438 F.2d 932, 1971 U.S. App. LEXIS 11702
CourtCourt of Appeals for the Ninth Circuit
DecidedFebruary 24, 1971
Docket25625_1
StatusPublished
Cited by10 cases

This text of 438 F.2d 932 (Francisco Guandique Marin v. Immigration and Naturalization Service) is published on Counsel Stack Legal Research, covering Court of Appeals for the Ninth Circuit primary law. Counsel Stack provides free access to over 12 million legal documents including statutes, case law, regulations, and constitutions.

Bluebook
Francisco Guandique Marin v. Immigration and Naturalization Service, 438 F.2d 932, 1971 U.S. App. LEXIS 11702 (9th Cir. 1971).

Opinion

PER CURIAM:

Section 241(a) (4) of the Immigration and Nationality Act, 8 U.S.C. § 1251(a) *933 (4), provides that “Any alien in the United States * * * shall, upon the order of the Attorney General, be deported who * * * at any time after entry is convicted of two crimes involving moral turpitude * * The Board of Immigration Appeals ordered petitioner deported pursuant to this provision.

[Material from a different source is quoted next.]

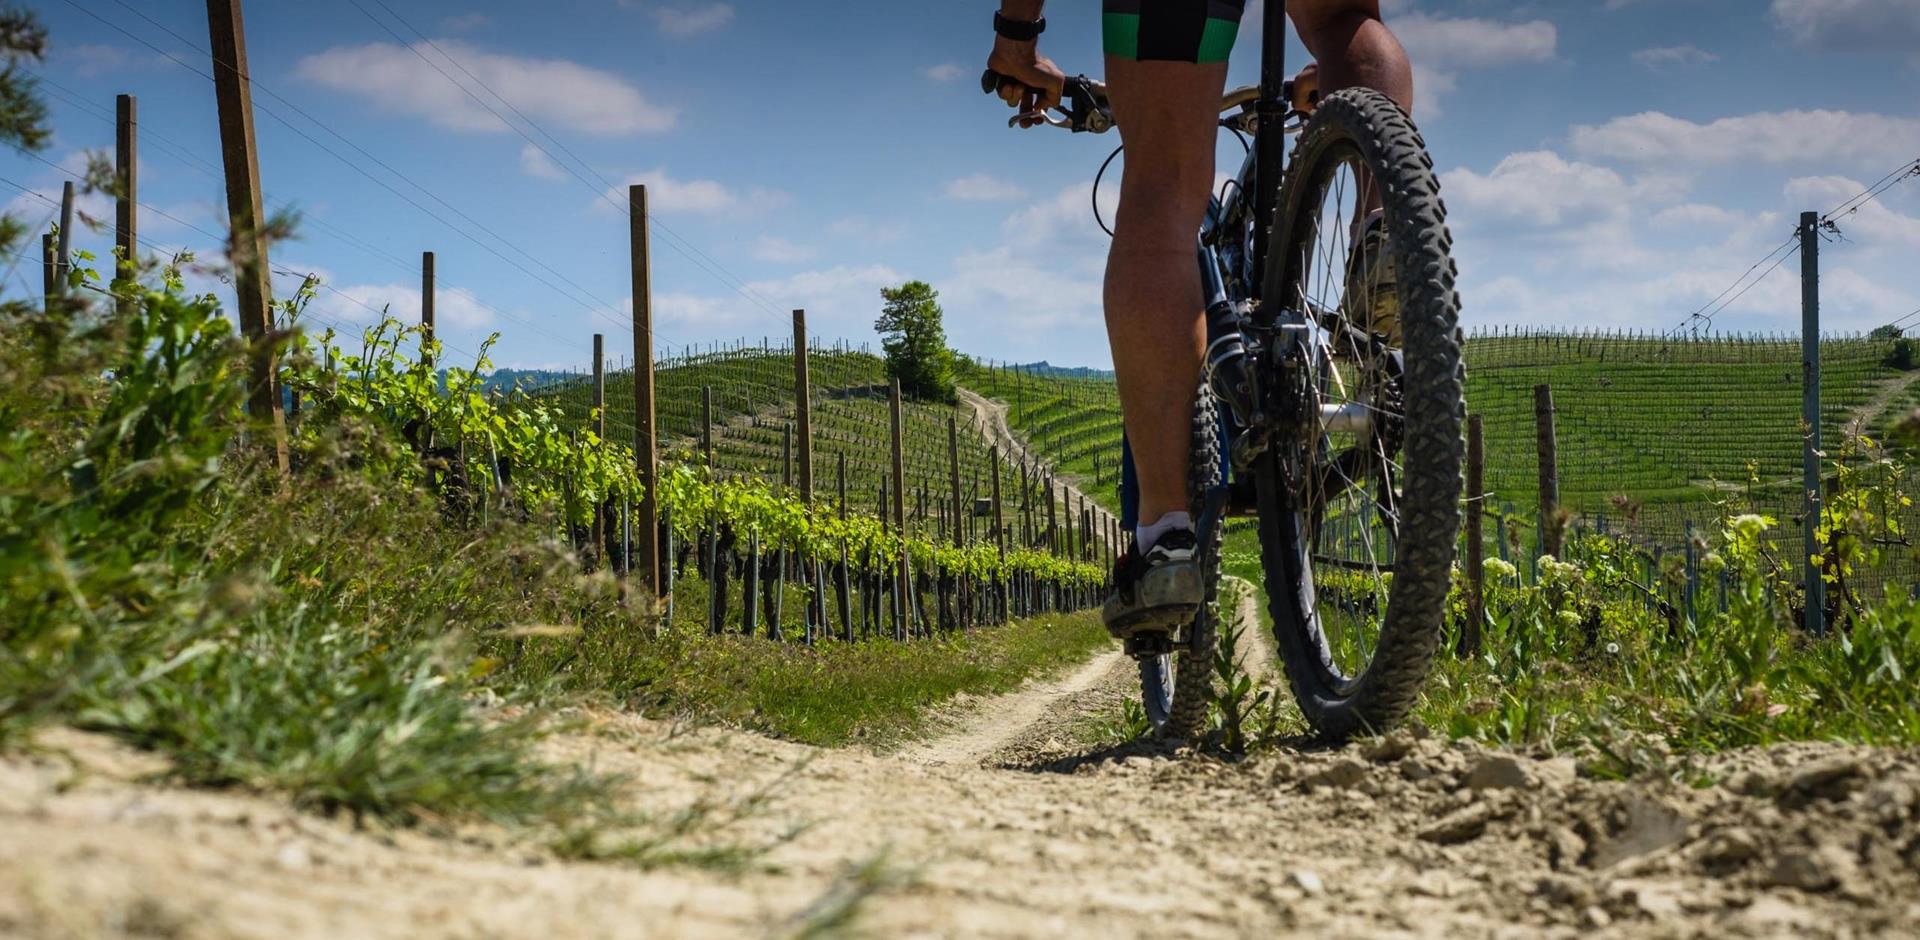 Cycle through Sonoma’s vineyards

Petitioner contends that he is not de-portable because neither he, his counsel at the time of his convictions, nor the trial judges were aware of section 241 (b) (2) of the Act, 8 U.S.C. § 1251(b) (2), which provides that deportation shall not take place “if the court sentencing such alien for such crime shall make, at the time of first imposing judgment or passing sentence, or within thirty days thereafter, a recommendation * * * that such alien not be deported.”

It has been repeatedly held, however, that a recommendation- after expiration of the statutory period is ineffective to prevent deportation. United States ex rel. Piperkoff v. Esperdy, 267 F.2d 72 (2d Cir. 1959); United States ex rel. Klonis v. Davis, 13 F.2d 630 (2d Cir. 1926); Ex Parte Eng, 77 F.Supp. 74 (N.D.Cal.1948); United States v. Espo-sito, 67 F.Supp. 770 (E.D.N.Y.1946); United States ex rel. Arcara v. Flynn, 11 F.2d 899 (W.D.N.Y.1926); see Haller v. Esperdy, 397 F.2d 211, 213 (2d Cir. 1968). Petitioner can be in no better position where, as here, no recommendation was ever made. Todaro v. Munster, 62 F.2d 963, 964 (10th Cir. 1933).

Petitioner presents an ingenious argument based upon Costello v. Immigration & Naturalization Service, 376 U.S. 120, 84 S.Ct. 580, 11 L.Ed.2d 559 (1964), and Gubbels v. Hoy, 261 F.2d 952 (9th Cir. 1958). Those cases, however, dealt with a different problem. In both, section 241 (b) (2) was held to condition the meaning of section 241(a) (4). Here, the question is what section 241(b) (2) itself means. To hold for petitioner would require us to conclude that Congress intended the statutory period to be immaterial so long as the parties were unaware of the statute. Petitioner has pointed to nothing in the legislative history reflecting such a highly unlikely intention.

Affirmed.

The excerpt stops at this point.